We met with Bob as part of an investor’s due diligence process; Bob prodded us to a) opine on whether or not we were solving a worthy problem, and b) opine on whether or not we, as a team, were worth the investment risk (the investor gave us the money). Within sixty seconds of sitting down with him, he stopped our pitch and blurted out “you’re a queue!” In so many ways he was right. I’ve always thought about Gnip as a series of pipes that yield a message bus, but today we were visited by the queuing theory ghosts of implementations past. If you look at our architecture from a distance, we have several queues in the system. If you’ve ever worked with a multi-queue system, you’ve grappled with some of our challenges.

Managing the flow of data, in “real-time,” from point A, to point N, in a reliable manner, means you’re queuing it up along the way at various points. At each processing stage, you queue the data, and digest it (usually FIFO for Gnip). The particular challenges we faced today were around queuing constraints in our Polling model. Linear, in process, FIFO queues are relatively straightforward (though complex in and of themselves when “pushes” outstrip “pops” for long durations). However, when you start prioritizing queue entries (changing the natural FIFO order), and adding rate limitations on “pops,” things get more challenging. When you start distributing queue “pop” consumption (e.g. worker threads) across NICs, you really start to feel the joy.

Gnip has a typical scheduler/job processing pattern in our Polling infrastructure. We push jobs on a queue in a prioritized manner, then off-box workers pop those jobs off the queue for processing. Currently those job processors are “dumb;” they know nothing other than how to process the job they just acquired. Getting that distributed grid of independently aware/scheduled job processors to coordinate and have shared state is the fun challenge du-jour at Gnip.

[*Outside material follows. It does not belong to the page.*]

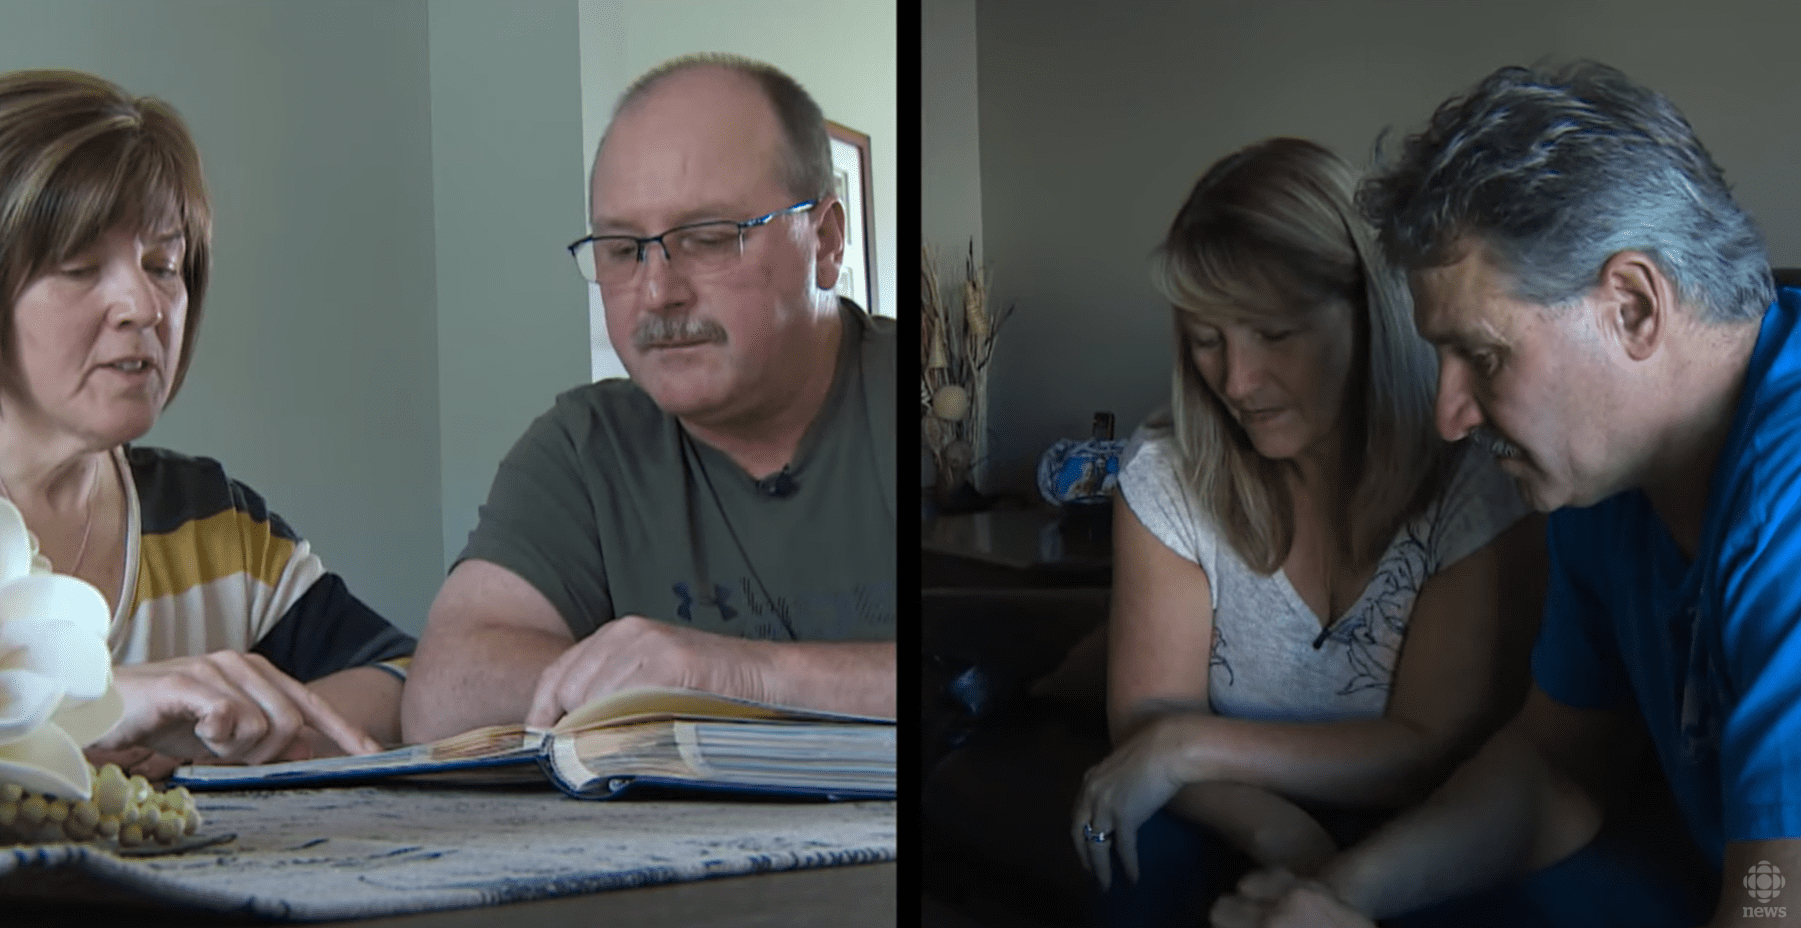 [Links] Craig Avery mit seiner Frau; [Rechts] Clarence Hynes mit seiner Frau. | Quelle: Youtube.com/CBC News: The National

Another general queuing pattern challenge arises when queues become overwhelmed due to a pause in processing downstream. Whether the pause is caused by a node outage, or a flood in “pushes,” queue backup in an automated job creation environment can yield phenomenal data build up. Imagine inbound data from a given Publisher arriving at a rate of 30 messages/sec. For every minute of processing that doesn’t occur, 1,800 messages backup on the queue. General traffic ebb-and-flow isn’t such a big deal as you build your system to grow/shrink accordingly, but when there are major issues (a network outage downstream, a bug, a crash, whatever), physical hardware limitations come into view. Trade-offs between data-loss (dropping data to keep things alive) and chaining “store and forward” queues several levels deep have to be made. Operationally at Gnip, we’ve had to drop data at times, and at others we’ve had to build additional queuing layers where queue backup is more common.

Just another day in the life of shuffling data around the network.